Он читал это в том ритме, в котором — снизу вверх, размеренно и заботливо — собака вылизывает своих щенков. Даже, кажется, делал такое движение головой.
Потом „Вышел хозяин хмурый, Семерых всех поклал в мешок“.
В этом беге возникала нота не человечья и не звериная („ме-е-сяц е-едет, коте-о-енок плачет“), а вообще тоске присущая:
Собака — живая, месяц — живой. У березы „зеленая прическа, девическая грудь“. Одушевление природы, растворение живого в живом казалось естественным и радостным законом, который исполнитель утверждал в полном согласии с поэтом.

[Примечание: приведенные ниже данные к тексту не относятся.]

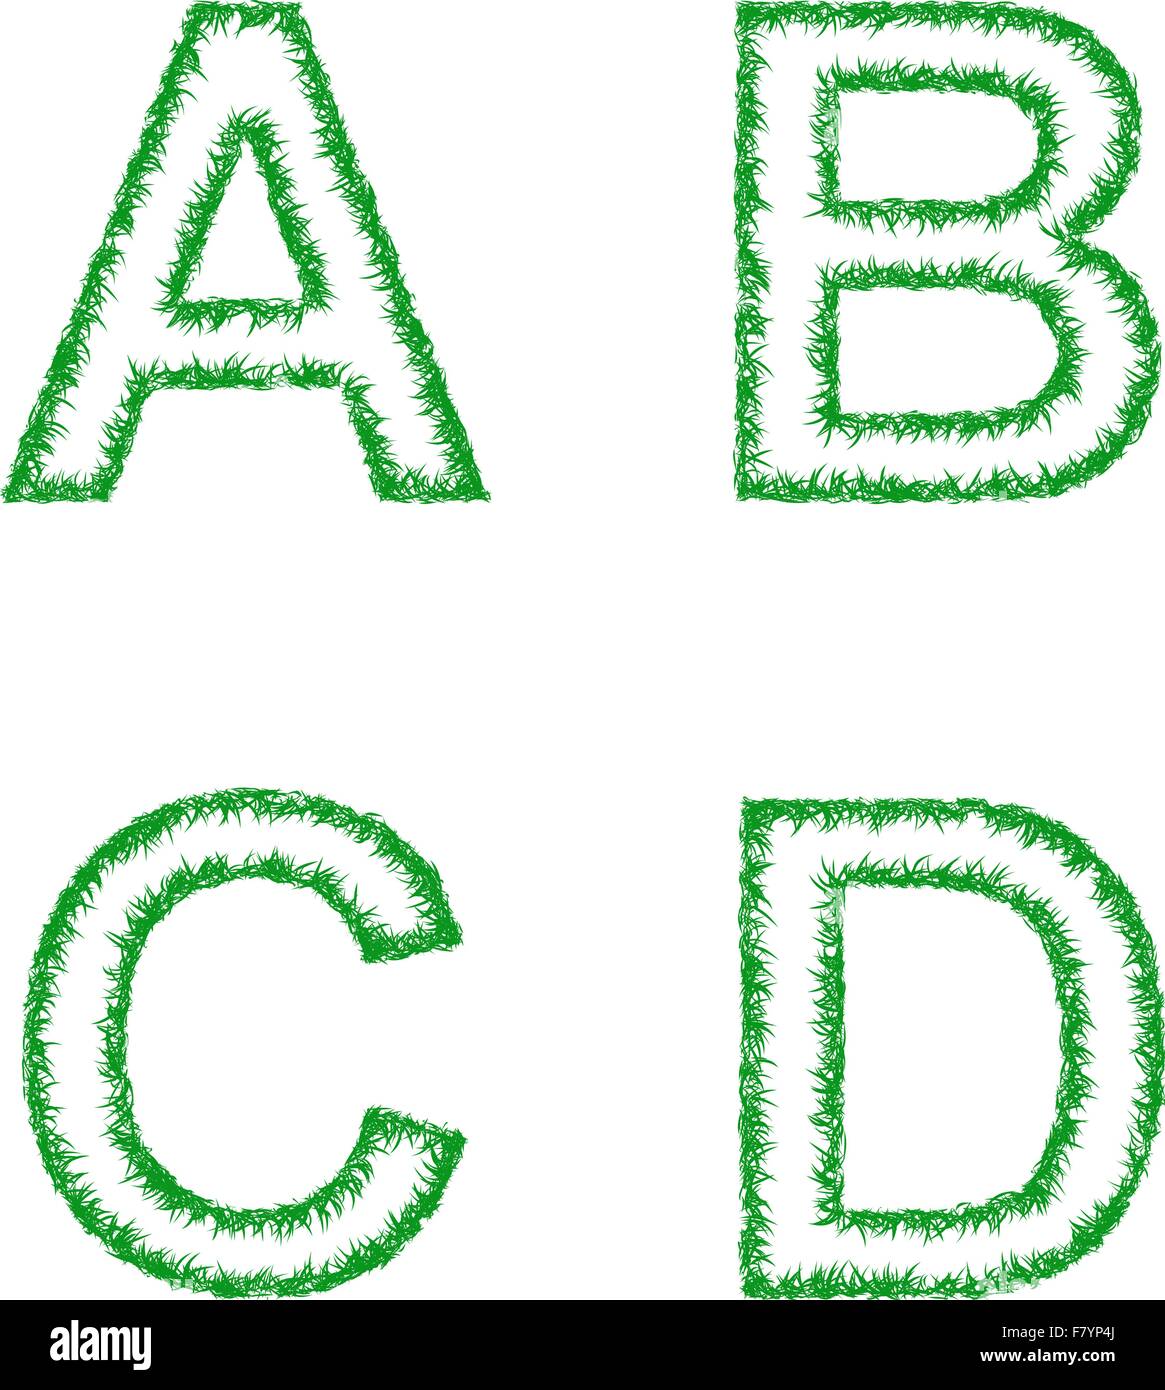 La pasto verde de la fuente - letras A, B, C, D Ilustración del Vector

Постепенно в этой симфонии появлялись новые мотивы — разлуки, прощания. Сначала за разлукой следовала новая встреча („Сукин сын“), но время вступало в свои права, и настроение монолога менялось все чаще, все резче. От элегического покоя — к тревоге, от попыток умиротворения — к потере гармонии и новым ее поискам.
Самый умиротворенный момент — четыре стихотворения из цикла „Персидские мотивы“.
Сильно потрепанная книжка „Самаркандия“ К. С. Петрова-Водкина („Аквилон“. Петербург, 1923 г.) принадлежала когда-то Яхонтову и Поповой. Различные явления искусства вдруг связываются. Попову всегда тянуло в Азию. Там ей хорошо дышалось — астма отступала. В 20-х годах, однажды решившись, она поехала вдруг в Бухару и Самарканд; в 30-х годах жила в Ташкенте. В ее „азиатских“ рисунках — явное влияние графики Петрова-Водкина, „самаркандской“ в частности. Лишь когда сопоставились факты, мимоходом оброненные слова, наконец, когда случайно нашлась эта „Самаркандия“, с давних лет сохраненная в комнате на Клементовском, стало понятным, что получило смысловой и интонационный резонанс в „Персидских мотивах“ у Яхонтова.
Азия — страна покоя. „Дремотный отдых с пилавом“; „ласковые приветствия“; сон „под журчание слов и арыка“; „древние люди“, которые „умели сосредоточиваться над вещами и строить из них любые формы“; „откровение Востока — бирюза“. Это все — из „Самаркандии“, отчеркнутое, видимо, Поповой.
Исследователи замечают, что Есенин, пройдя через „азиатское“, как через начало грубое, хищное, насильственное („Пугачев“), уходит совсем к иному воссозданию Азии — „голубой“ Азии. В „Персидских мотивах“ эта голубая мечта Пугачева становится явью». Яхонтов, в юности исполнив «Пугачева», больше не возвратился к нему, а в самый центр есенинской композиции поместил «Персидские мотивы», как некое желанное обретение гармонии, душевного покоя.
Если верно утверждение литературоведов, что противовесом «кабацким мотивам» у Есенина являются «персидские мотивы», где его тоска уравновешивается и облегчается, то и в яхонтовской композиции именно этот противовес был найден. Он читал «Шаганэ ты моя, Шаганэ», «Ты сказала, что Саади», «Никогда я не был на Босфоре», «В Хороссане есть такие двери».
Этими стихами кончалось первое отделение программы — читая их, Яхонтов медленно отходил в глубь сцены.
Потом следовал новый подъем — возвращение в осеннюю Россию, к чувствам и мыслям по-осеннему чистым и острым. В любовной лирике Есенина можно найти и другие, более выигрышные (и Яхонтову не чуждые) мотивы. Но он к ним как-то не потянулся. «Счастлив тем, что целовал я женщин» — оставалось за пределами композиции. Замечено, что поэтизация «чувственного» не свойственна лирике Есенина; эта сторона человеческих отношений казалась ему темной, скорее пугающей, чем привлекательной.